# Un-Cringing An is_even() Function in Python Johnny B. Getgoode tweeted this screenshot of if-else statements.

Johnny B. Getgoode tweeted a screenshot from his developer Discourse server on February 13, 2022. Experienced programmers cringed at the repeating lines of if else to determine if a number is even or odd. That prompted a lively discussion on how to “un-cringe” this function.

Here are four ways to refactor the function for readability and speed in Python: match and case, recursive inner function, modulo operator, and bitwise operator.

## Original Function in Python

I rewrote the function in Python using elif as else if would cause a syntax error. For the sake of brevity, I limited the defined numbers to ten. Even numbers return True, odd numbers return False. For undefined numbers, the catch-all else returns False.

Although I’m using Python as my programming language, the refactoring examples can apply to any programming language.

## 1. Match & Case

We can refactor the function to use match and case as a replacement for elif. Python had lacked the traditional switch and case statements found in other programming languages for a great many years. That changed with structural pattern matching in Python 3.10, adding match and case as the functional equivalent of switch and case.

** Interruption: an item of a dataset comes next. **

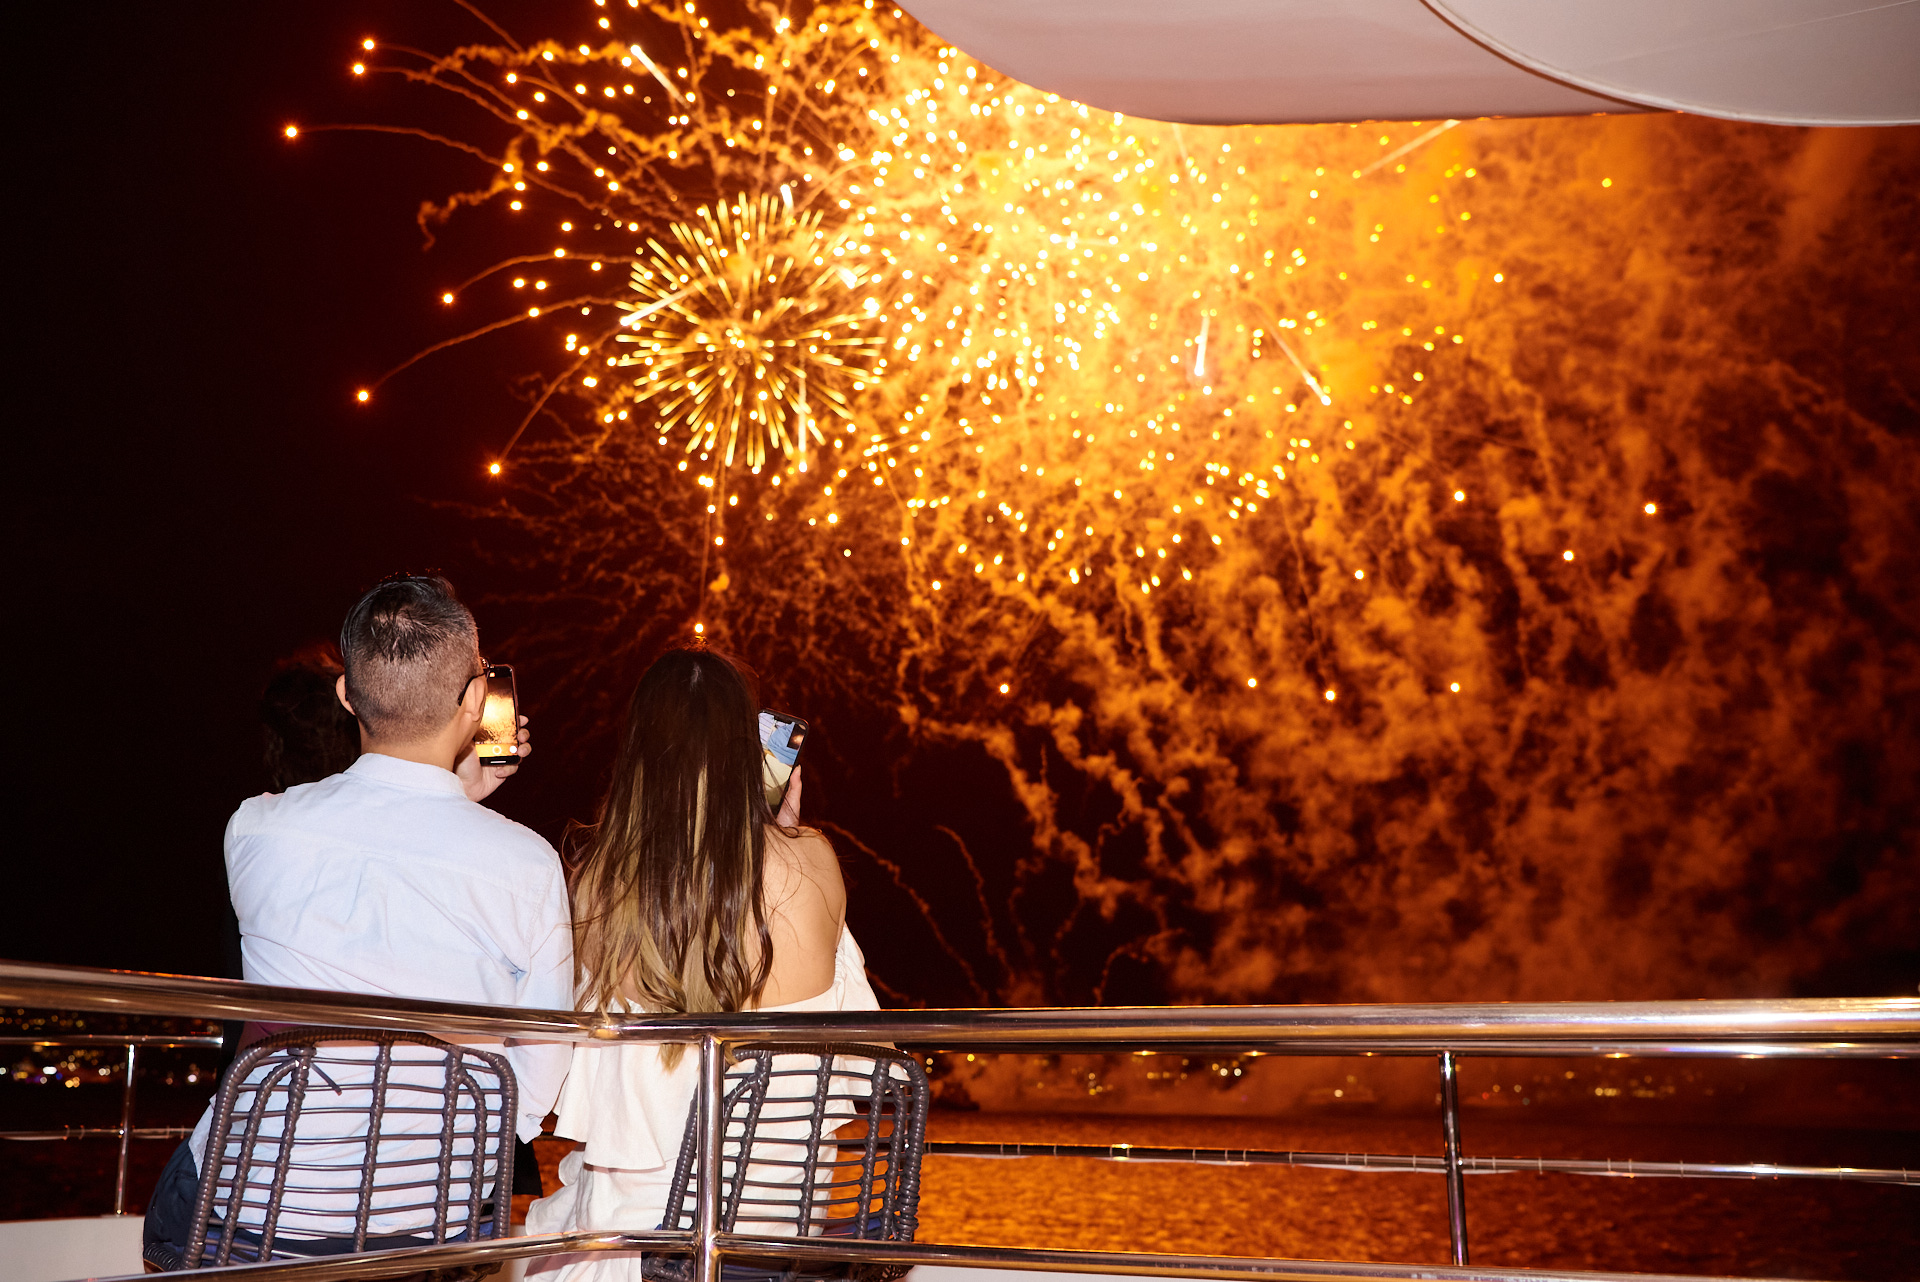 Sydney Harbour NYE Fireworks Show. Photography By orlandosydney.com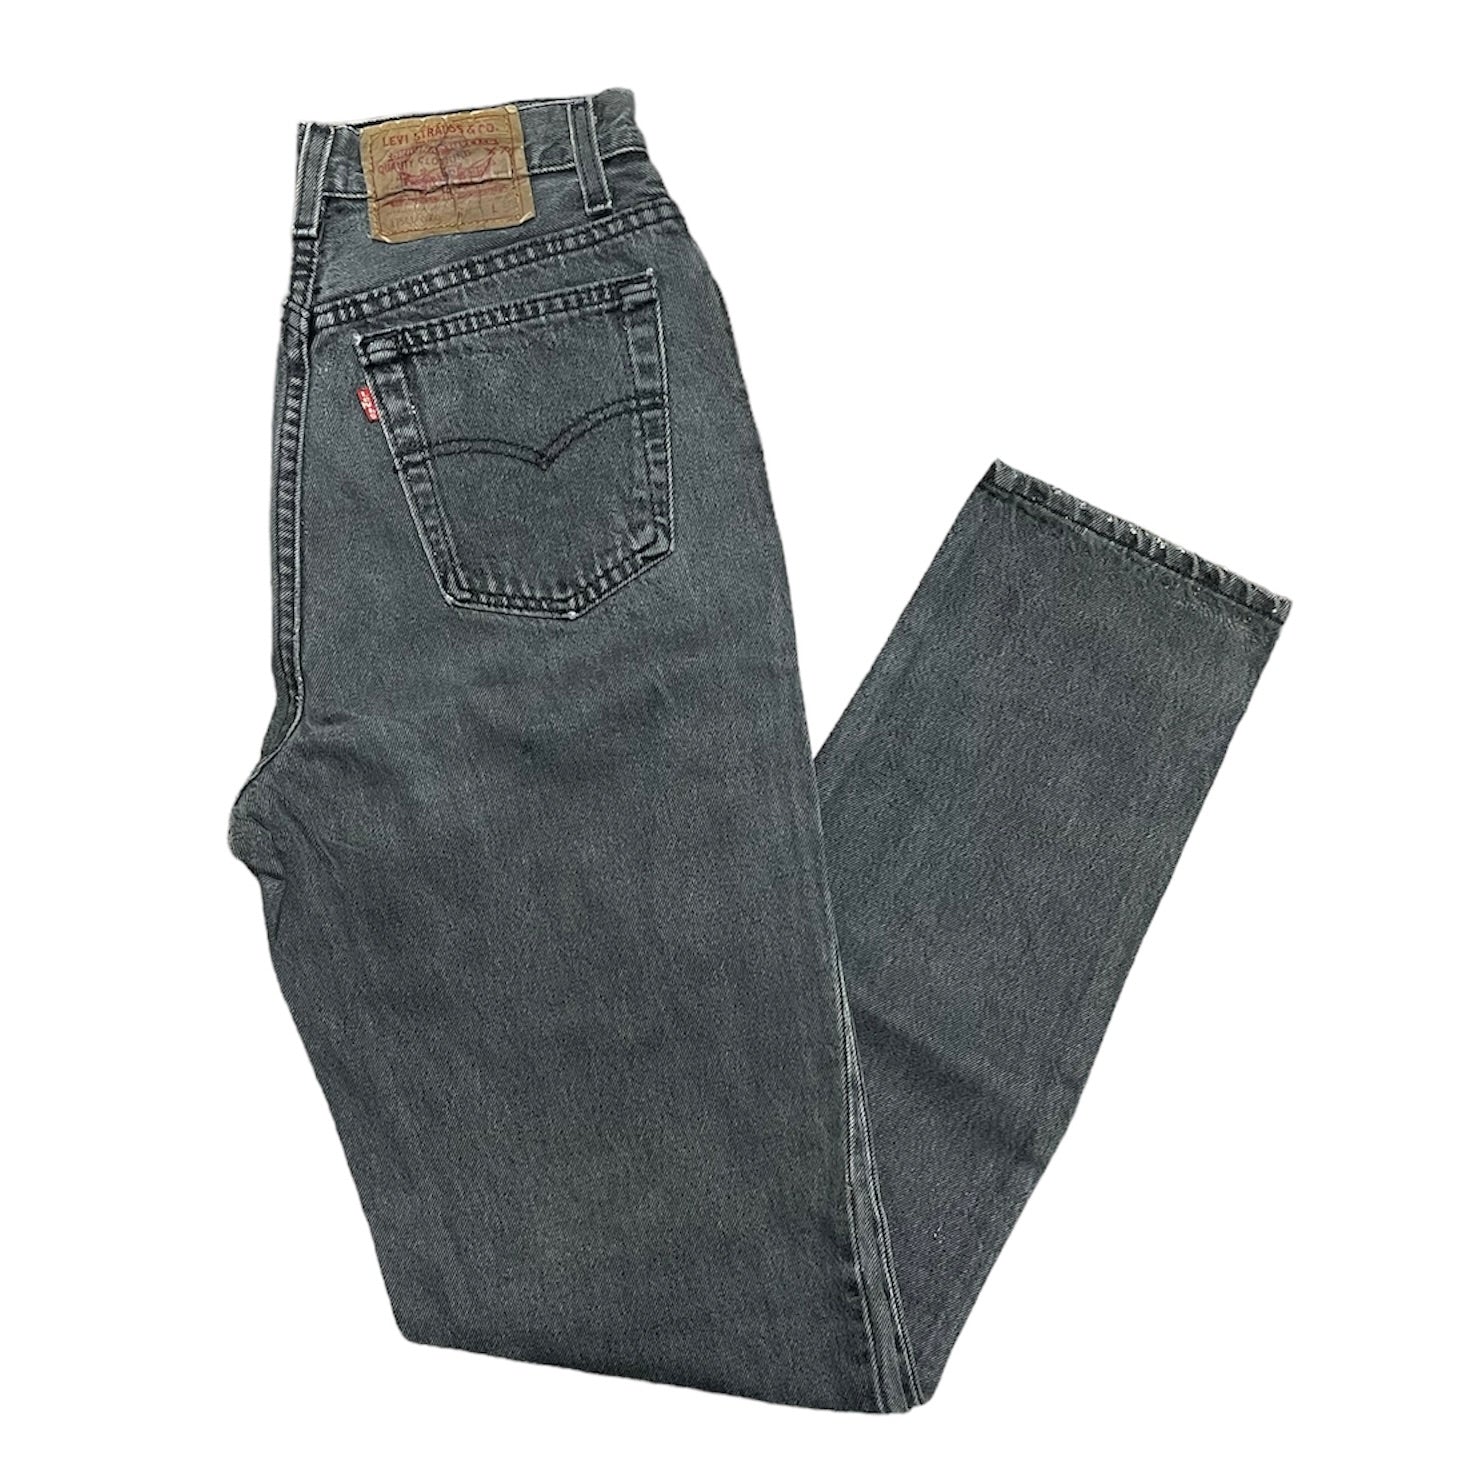 Vintage Levis 501 Vintage Black/Grey Jeans (W27)

Using match and case makes the function more readable and faster than elif. Each number must be defined, and the catch-all case (“_”) return False for undefined numbers.

## 2. Recursive Inner Function

We can refactor the function to use a recursive inner function that calls itself to subtract 2 from the starting number until the number is less than 2, and then use % (modulo operator) with 2 and compare the remainder with zero to return a Boolean. Even numbers are divisible by 2 and don’t have a remainder.

Unlike elif or match and case, the recursive inner function can test any number without having to define it first. While shorter than the previous two functions, this function can be refactored as a one liner (see line 4).

## 3. Modulo Operator

We can refactor the function to use % (modulo operator) with 2 and compare the remainder with zero to return a Boolean. Even numbers are divisible by 2 and don’t have a remainder.

Most programmers would stop here. The modulo operator is commonly used for determining even or odd numbers. But it’s not the fastest one liner.

## 4. Bitwise Operator

We can refactor the function to use & (bitwise operator) to compare the Least Significant Bit (LSB) of a number with the number 1 (0b00000001). Even numbers have 0 for the LSB (i.e., 2 = 0b00000010), odd numbers have 1 for the LSB (i.e., 3 = 0b00000011). The not operator is needed to return True for an even number and False for an odd number.

Since the bitwise operator is a binary comparison, it’s the fastest one liner for refactoring the original function.